Disappointing, too, to learn the GOP co-chairman’s brain is so addled by conspiracy theories she’d lend credibility to the foolishness that children are being allowed to do their business in litter boxes.
Maddock was also one of 16 Michigan Republican officials who signed a document submitted to the Electoral College saying Michigan’s electoral votes should go to to former President Donald Trump, even though he decisively lost the election here.
She boasted at a local party meeting that she and the others did so at Trump’s urging. Subverting an election is not something for which anyone should be proud.
Another video surfaced this week of Maddock taunting protesters during a Black Lives Matter protest in 2020.
Republicans have an incredible opportunity this year to exploit the electorate’s discontent with failed Democratic leadership.
To do so, they’ll need to bring independents into their fold. Polls suggest unaligned voters are open to hooking up with the GOP.
But few are likely to walk through a door being held open by a hater.

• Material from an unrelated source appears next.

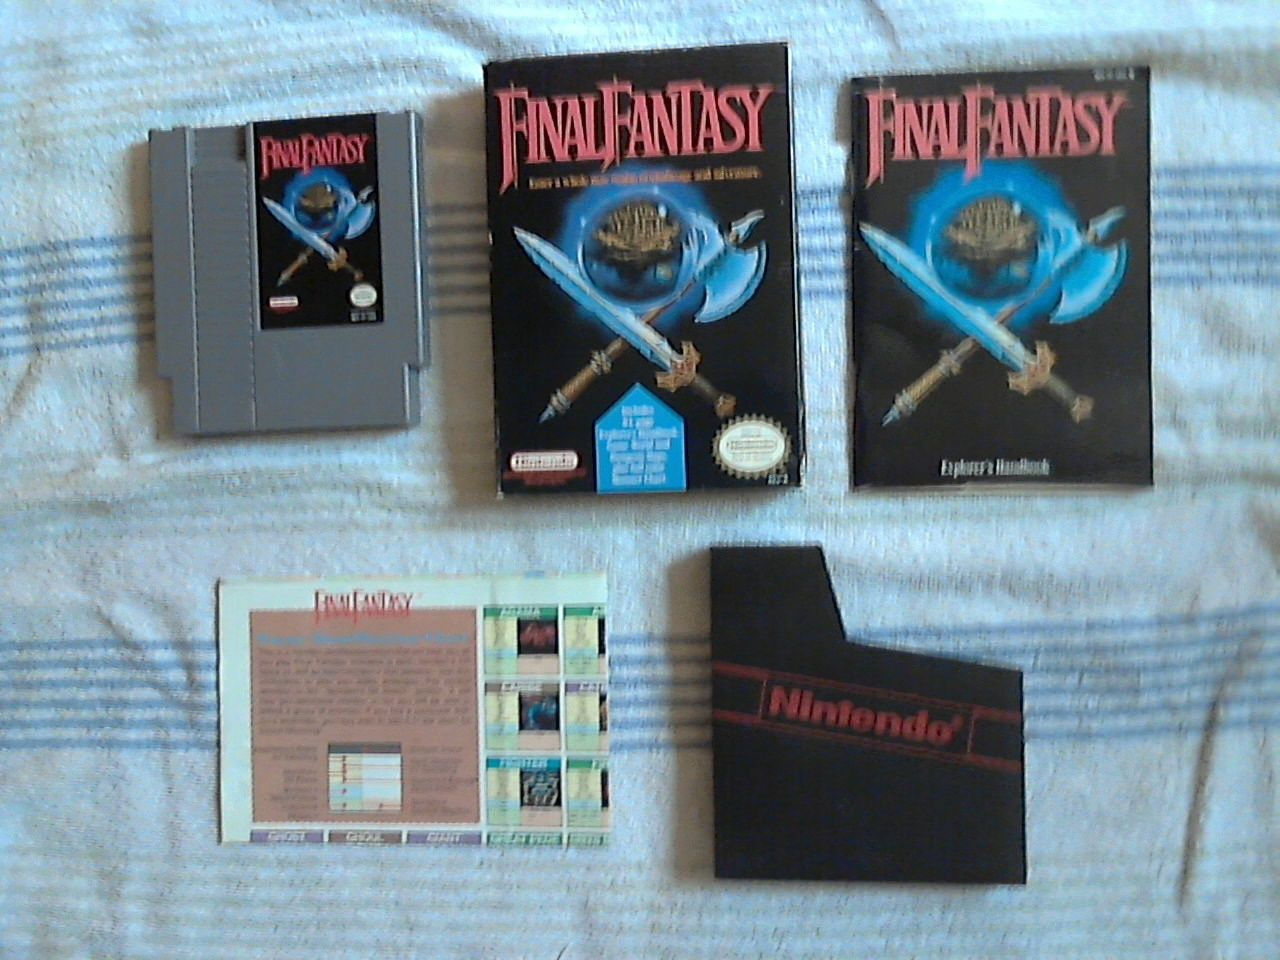 Final Fantasy NES CIB Final fantasy nes, Arcade games, Games

This is a time for mature, sober, intelligent leadership in the Republican Party. But the antics of one highly placed crackpot can influence the perception of the whole party.
Republicans must be aware of their image problem. If they don’t want voters to think they are rubes and racists, they have to stop upholding those who act like rubes and racists.
Maddock should be asked to step down, and if she refuses, forced out.